[pgpointcloud] RLE and SIGBITS heuristics

Mon Apr 20 06:03:50 PDT 2015

Hi,

On 20-04-15 13:13, Rémi Cura wrote:
> Hey Oscar,
>
> I'm a really big fan of Lidar for archeological use, and integrating 
> time into it is especially trendy and challenging. Registetring all 
> point cloud together from different sources must have been really 
> difficult.

That is really tricky indeed! At NLeSC we worked on an automatic 
open-source alignment tool 
(https://github.com/NLeSC/PattyAnalytics/blob/master/scripts/registration.py) 
which works for some cases when aligning point clouds from 
archaeological monuments (from photogrametry) with a lidar dataset.
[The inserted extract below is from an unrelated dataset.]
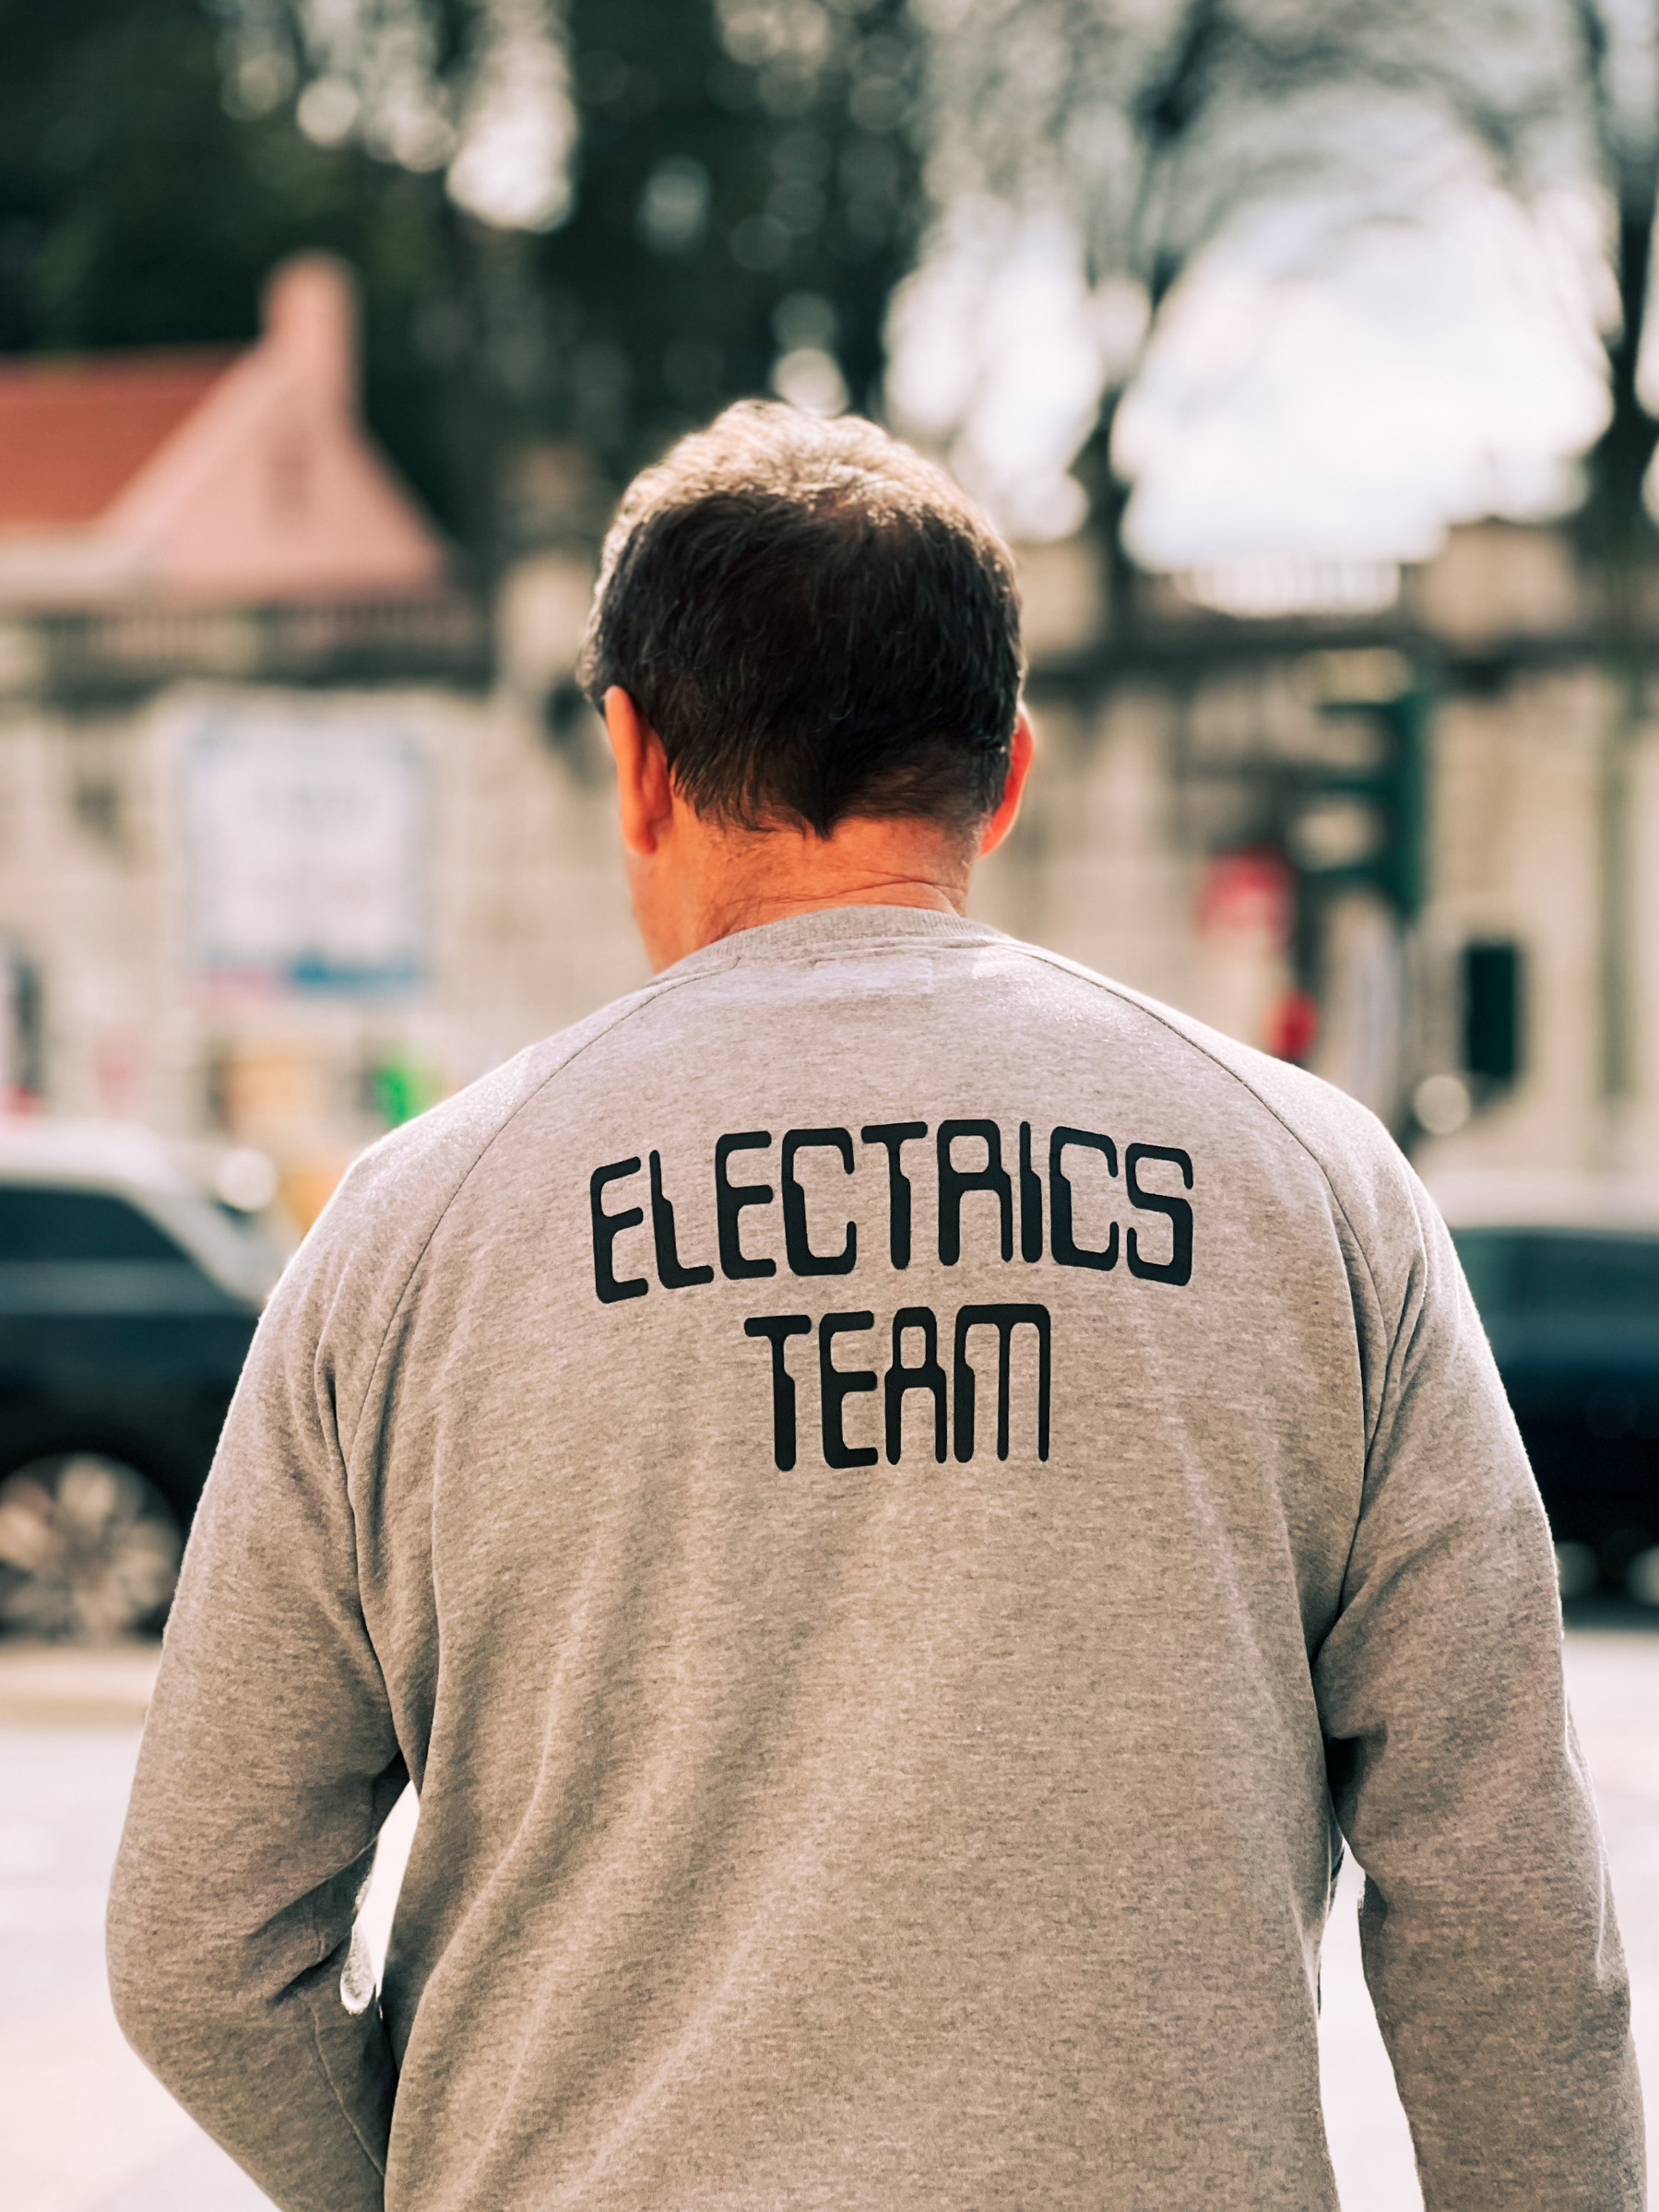 A man seen from behind wearing a grey shirt with the words &ldquo;ELECTRICS TEAM&rdquo; on the back. The background is slightly blurred showing an urban setting with trees, a road, and vehicles.
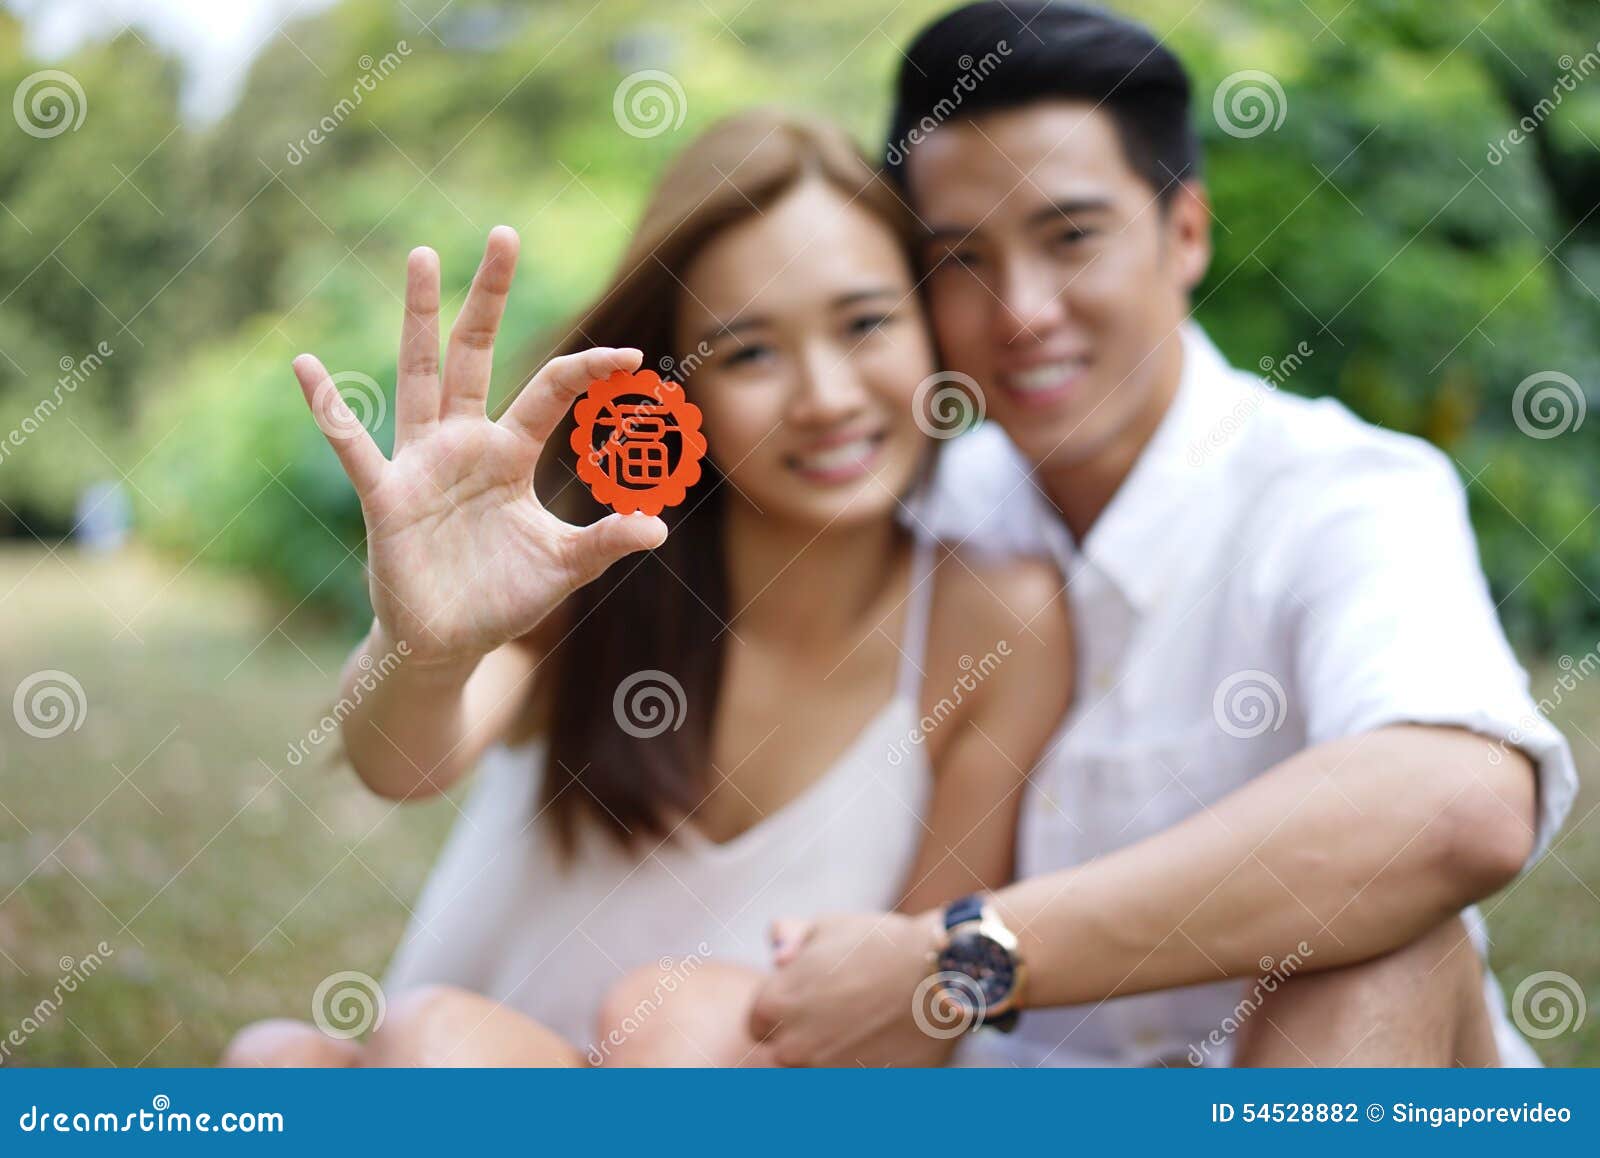 https://thumbs.dreamstime.com/z/happy-asian-couple-love-holding-symbol-happily-representing-good-luck-good-fortune-54528882.jpg

For 
other cases we have a manual alignment tool that is a 3D desktop viewer 
using based on OpenSceneGraph (where also meshes and pictures can be 
displayed).

>
>
> I contacted Potree developper one year ago to ask him if it was 
> possible to modify it to read points in a DBMS (actually patch with LOD).
> He said it was possible and not too difficult.
> I don't know how much point output you get, but we demonstrated around 
> 20kpts/s streaming to browser (with a lot of 
> serialization/deserialization). Currently the upper limit for such 
> output would be in the few hundred kpts/s if you send points, and in 
> the few Million pts/s if you stream compressed patches.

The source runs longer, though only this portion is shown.